EAST AFRICAN STANDARD (Nairobi, Kenya) 06 May 05 ‘Doctor’ who uses chameleons to heal (Omwa Ombara)
Photo: Adhiambo administers the chameleon treatment on a patient.(Ajanga Khayesi)
When Nyeri residents collected 3,000 chameleons last week, the alleged buyer changed his colours and let them down.
Reports had circulated that a desperate exporter wanted them and would pay Sh1,900 for each. But in Nyanza, where the animals are used for the treatment of certain diseases, selling a chameleon would be unthinkable.
Had the Nyeri buyer arrived, he probably would have ended up selling the chameleons to importers in Belgium, Netherlands, Japan or Germany, where people spend as much Sh50,000 on one reptile (enough to buy five heifers or school fees for two years!).
Chameleons are often bought as birthday presents for women or kept as pets. Why are chameleons so expensive in Europe yet almost worthless in Kenya? In Europe and US, to say someone is "a chameleon" is to say the person is unreliable. But most people have not seen the animal that changes its colours to blend with different surroundings. They are extinct in most parts of the world, except in Africa.
William Karanja of Karen has tapped this unique market. He rears more than 500 chameleons and has exported 300 to Europe and Asia in the recent past. Chameleon breeders say one reptile can fetch as much Sh3,700 wholesale and Sh7,400 at retail prices.
In Nyanza, the chameleon is revered. It is used to treat hima, a Luo word for the swelling of the spleen, which mostly affects children.
Ruth Adhiambo, a traditional healer, was disgusted to learn that people were selling chameleons.
"I would not sell a chameleon for a million shillings. The lives of my patients come first," she says.
"Dr Adhiambo," as she is known, has been administering this specialised chameleon treatment for the last seven years. She hunts for chameleons from mango trees, bushes and maize farms. She charges a kilogram of sugar or Sh1,000 for her services. This depends on how she perceives her patients, most whom have tried conventional medicine and failed.
Adhiabo, 27, is a Standard Four dropout. Her clients vary from the illiterate poor to the educated and wealthy. Her most recent client, she says, was the child of a professor at a public university.
"The eight-year-old boy had suffered from hima for the last six years. His body was hot, eyes yellow, the hair falling off and his stomach was as hard as a rock. After the chameleon lick, the child recovered in two days," says Adhiambo.
Hunting for chameleons is no easy task, she says. So she sometimes asks the parents of the sick child to trap one and bring it to her.

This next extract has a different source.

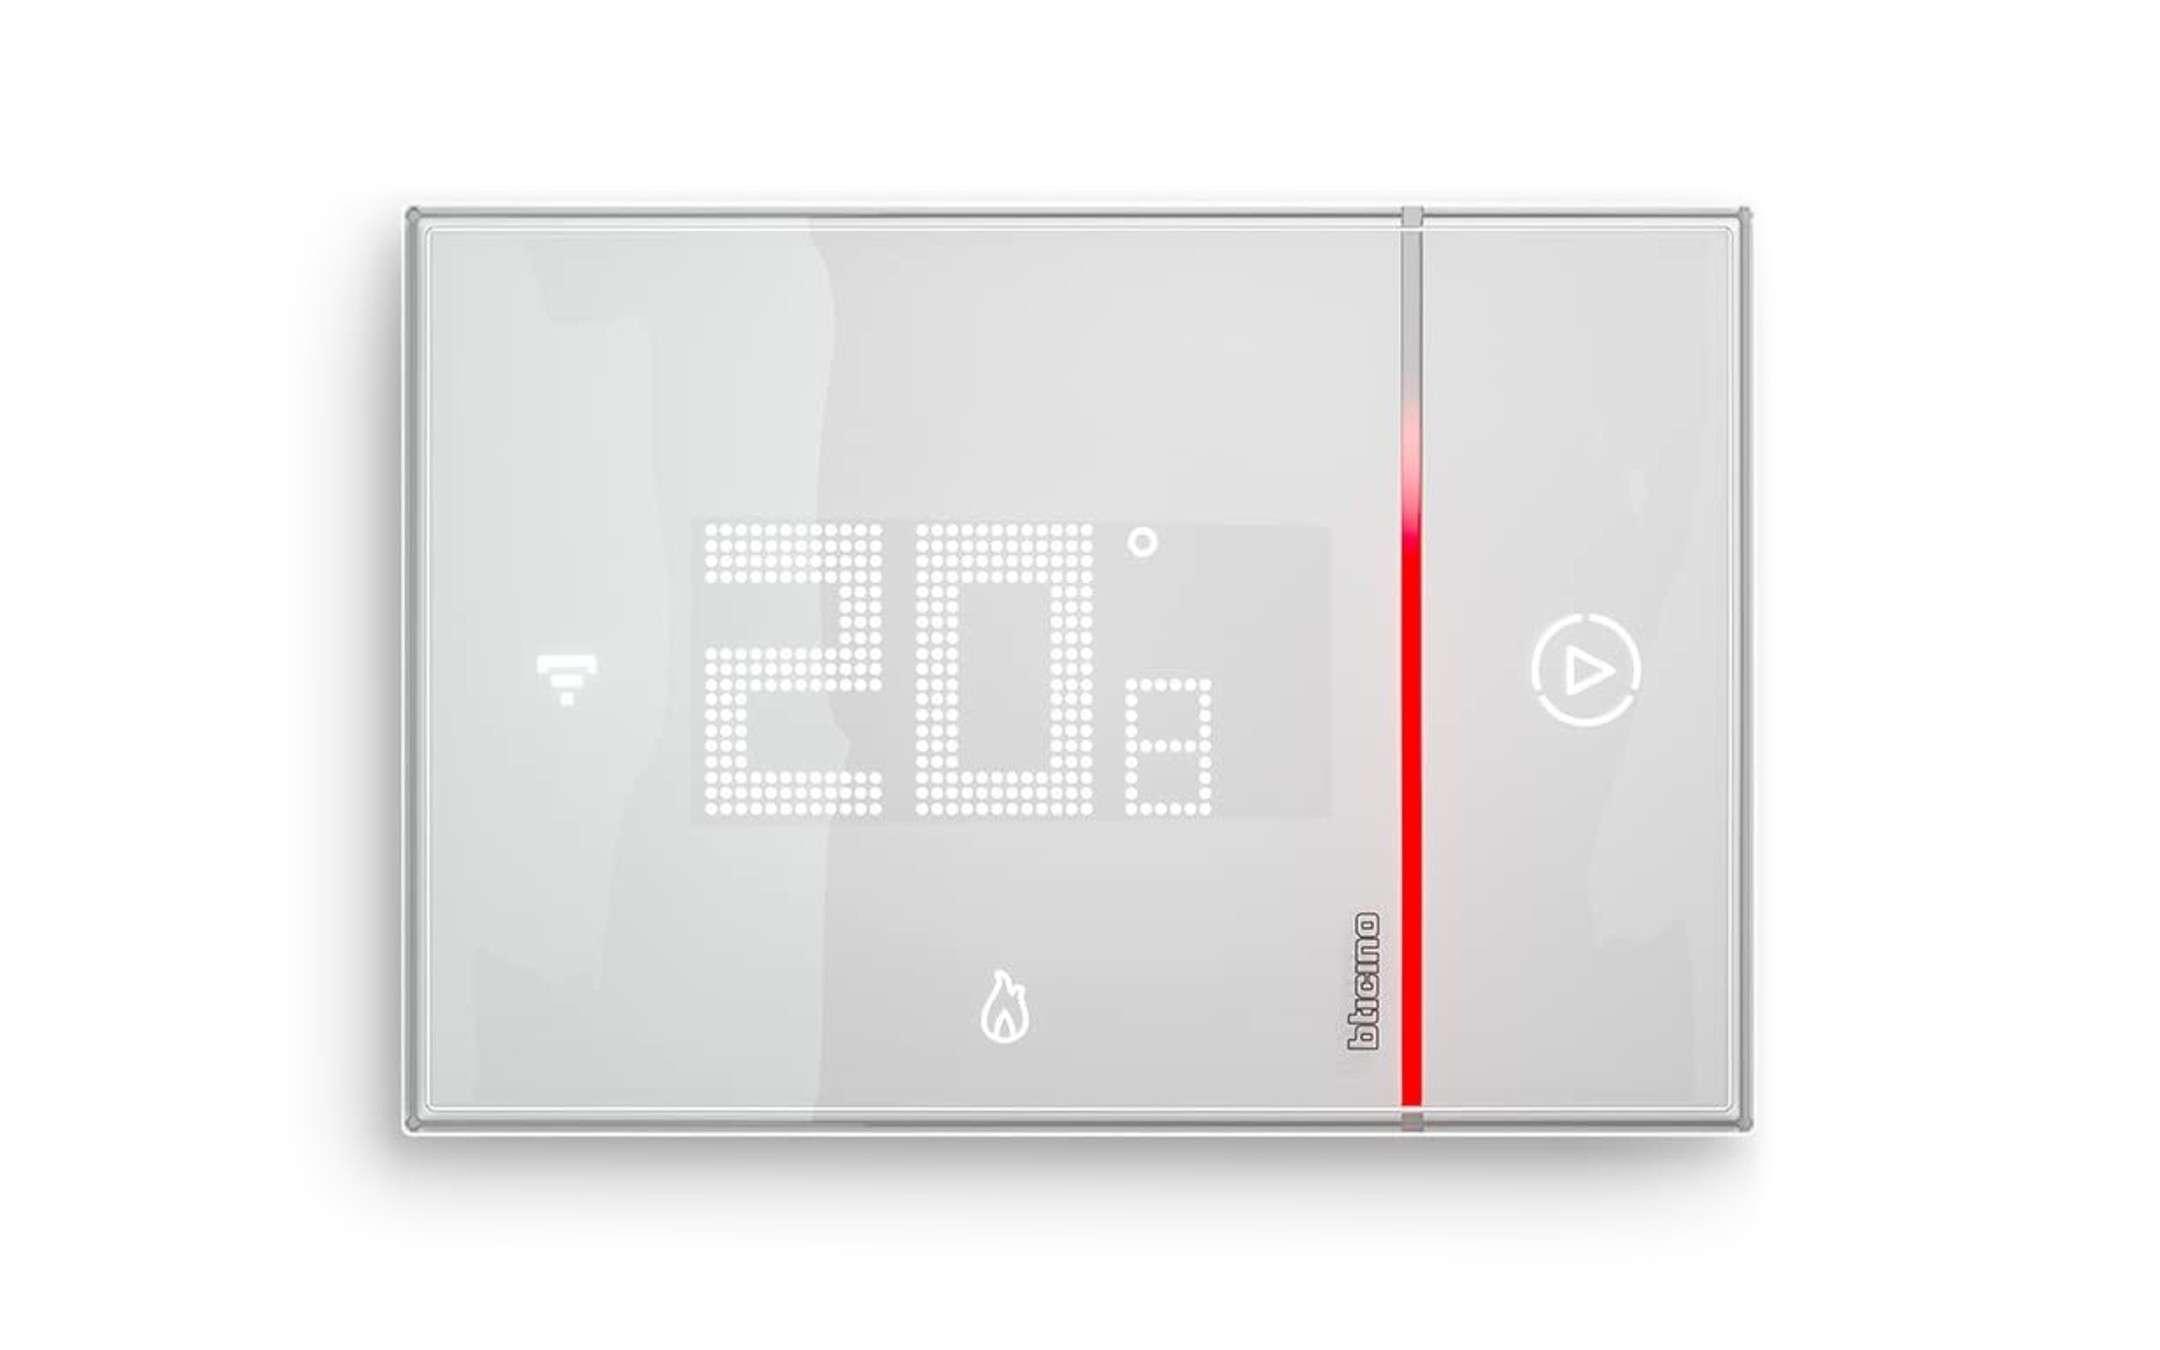 Bticino SX8000: super discount for the smart thermostat

"Chameleons are clever and camouflage themselves. It may take a year to trace one, but the effort is worthwhile, " she says.

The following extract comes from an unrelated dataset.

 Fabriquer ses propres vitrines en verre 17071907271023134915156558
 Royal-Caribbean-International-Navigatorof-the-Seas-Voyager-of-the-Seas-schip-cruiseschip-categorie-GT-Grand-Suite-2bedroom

Adhiambo is loath to explain how the treatment works. Holding a chameleon she has just captured, she reluctantly tells her "secret".
"I examine the child’s belly. After identifying the swollen spot, I take a razor and slice it. I let the blood flow to the ground, hold the chameleon with a stick and force it to open its mouth. Then I give it the blood to lick. Once it has licked the blood, I let it go. Two days later the child is absolutely healed."
What happens to the chameleon after it has licked infected blood? Does it die? Adhiambo has no answer. She does not do a follow-up on the "tool". That the treatment has been done is enough. The next patient will bring his own chameleon.
A Kisumu resident Christopher Ochola, 44, is full of praise for the treatment.
"My son died of hima at seven," he says.
"People told me that the chameleon treatment would have saved him. But I did not know about it then. It was so easy with my other child. I caught a chameleon at the foot of Got Nyahera and took to a healer in Kondele. The healing was instant!" he says.
Harrison Odoyo, 42, a supervisor at the Kenya National Museums, Kisumu, says the treatment is remarkable. He says his nephew suffered from hima and got treatment similar to Adhiambo’s.
"The hima healer sliced the wound with a razor and put the chameleon on the boy’s stomach to lick. He then took the chameleon’s saliva and rubbed it on the wound. In less than a week, the child recovered."
But Odoyo, who has worked at the museum for 20 years, says handling a chameleon is no easy task. It requires "extraordinary courage," thus the special respect for hima healers.
He says that chameleons in the museum are not given to hima healers but are fed to snakes.
"We get 300 chameleons from Khayega every month. They are there in plenty. There is no likelihood that they will run out because of the snakes or the hima healers," Odoyo says.
A chameleon has a gestation period of 10 months and is capable of delivering 15 to 35 neonates at a go.
There are many species of chameleons. For hima healers, it does not really matter —any chameleon will save a life.